Identifying noncoding sequence changes underlying human traits is one of the biggest challenges in genetics. This is particularly difficult in ancient samples, where regulatory information is scarce (Yan and McCoy, 2020; Gokhman et al., 2016). Here, we use an MPRA-based framework to study how sequence changes shaped human gene regulation. By comparing modern to archaic sequences, we investigated the regulatory potential of each of the 14,042 single-nucleotide variants that emerged and reached fixation or near fixation in modern humans. We found an association between divergent TF motifs and the sequences driving expression changes, suggesting that changes to TF binding might have played a central role in shaping divergent modern human expression. Our results also suggest that genes affecting the vocal tract and cerebellum might have been particularly affected by these expression changes, which is in line with previous comparisons based on the fossil record (Neubauer et al., 2018; Gunz et al., 2019; Aiello and Dean, 2002; Kochiyama et al., 2018) and DNA methylation (Gokhman et al., 2020). More importantly, these results provide candidate sequence changes underlying these evolutionary trends.
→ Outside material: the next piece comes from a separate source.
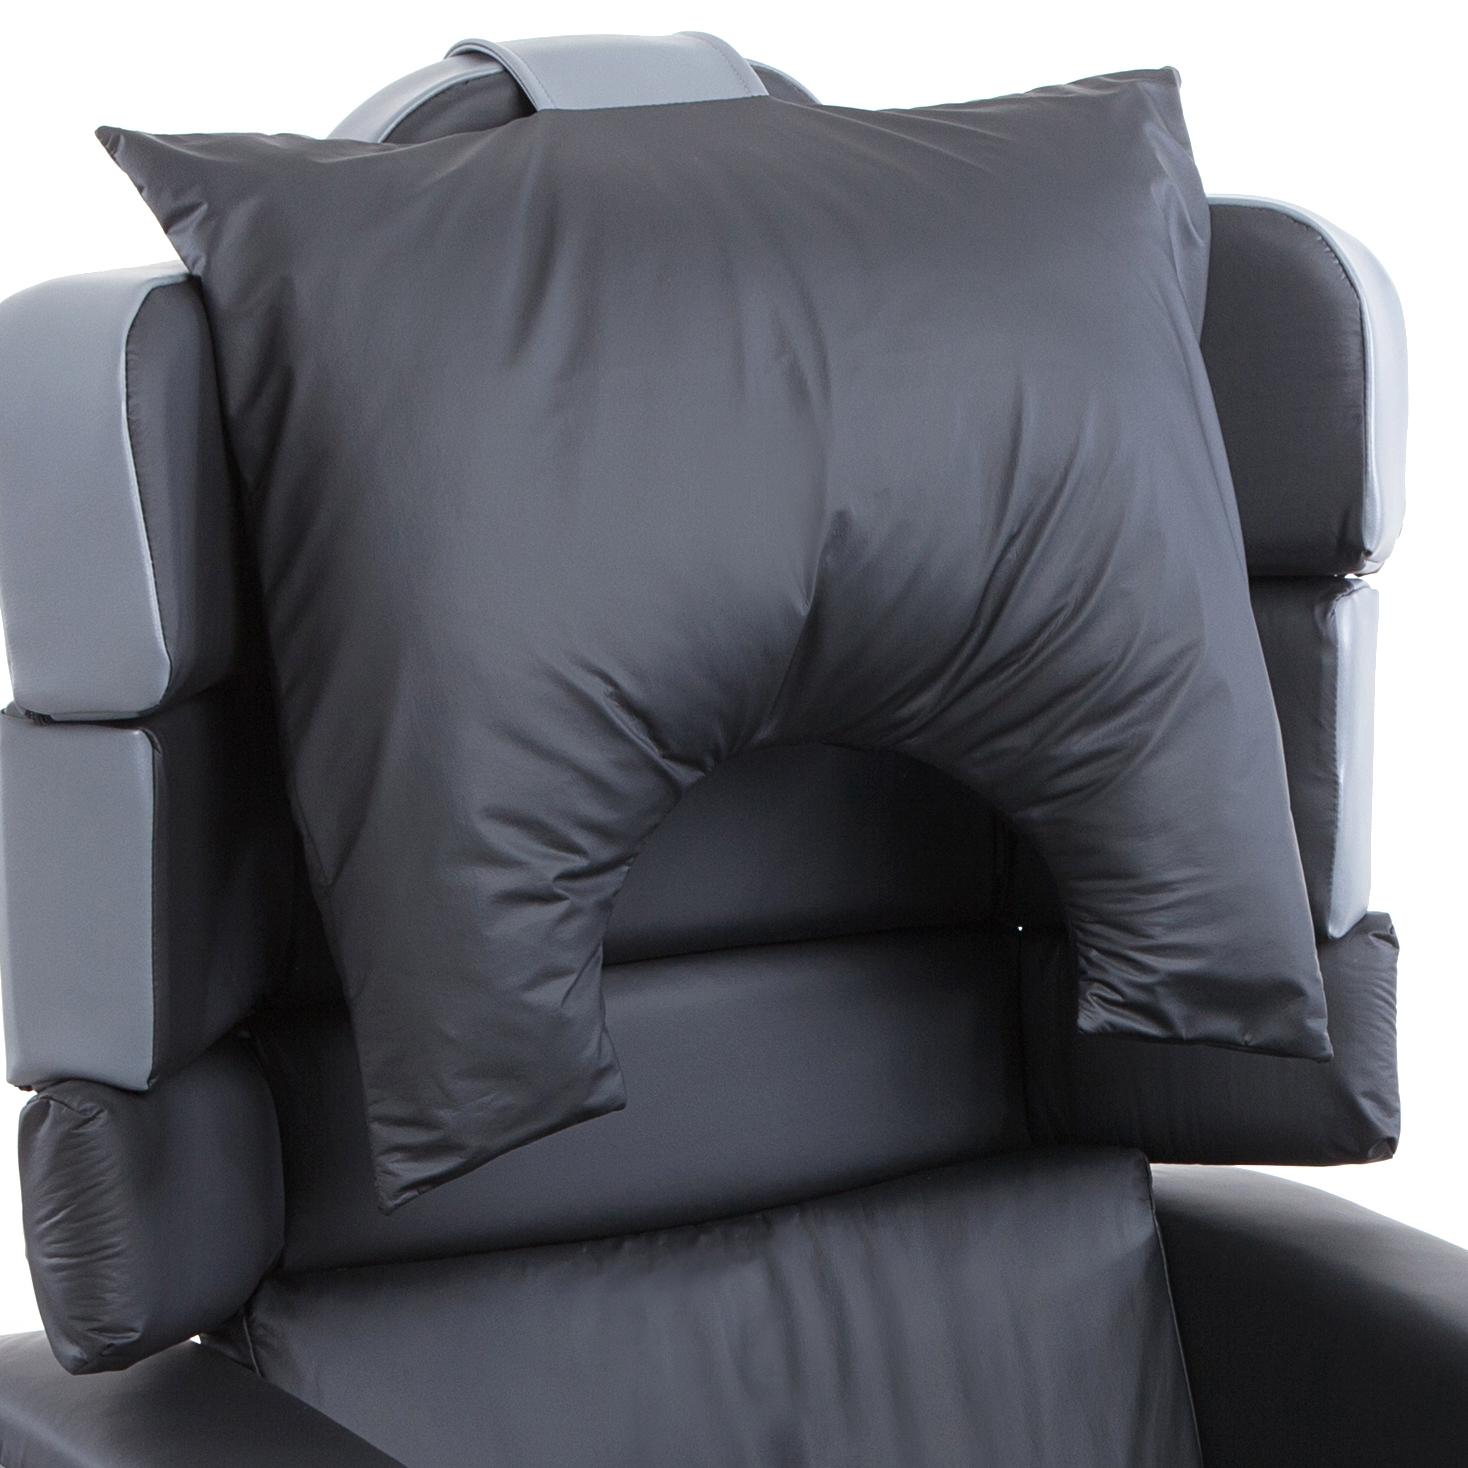 Soft_Profiled_Headrest

LentiMPRA is designed for linking DNA sequence changes to expression changes en masse. Notably, it has limitations that could influence our results, mainly by potentially generating false negatives. First, our lentiMPRA library inserts were limited to ~200 bp in length, due to oligonucleotide synthesis technical restrictions, which may be insufficient to detect the activity of longer enhancer sequences (Inoue et al., 2017). Second, some minimally active sequences may not be expressed at a high enough level to pass our limit of detection. At the same time, some minimally active sequences may not be biologically significant. Third, some sequences may regulate expression post-transcriptionally, which lentiMPRA is not designed to detect. Fourth, since test sequences are randomly integrated into the genome, sequences that are dependent on their endogenous genomic environments (e.g., on nearby TF binding sites) might show reduced activity when inserted in new locations, while others might show activity that they otherwise would not have. Our design partially addresses this through the use of antirepressors and multiple independent integrations, which are intended to dilute location-specific effects. Additionally, all biases are expected to similarly affect the modern and archaic human versions of each sequence (Inoue et al., 2017). Fifth, transcriptional repression is less likely to be detected due to the low basal activity of the mP used. Sixth, the level of sequence activity may depend on more than one variant (including non-fixed variants, which we have not tested here). In the cases of non-fixed variants, the extent of differential activity could vary between individuals. At the same time, in the 10% of sequences that include more than one fixed variant, it is generally impossible to determine which of the variants drives the differential activity (with the exception of cases with more than two variants where the tiled sequences include a different combination of these variants).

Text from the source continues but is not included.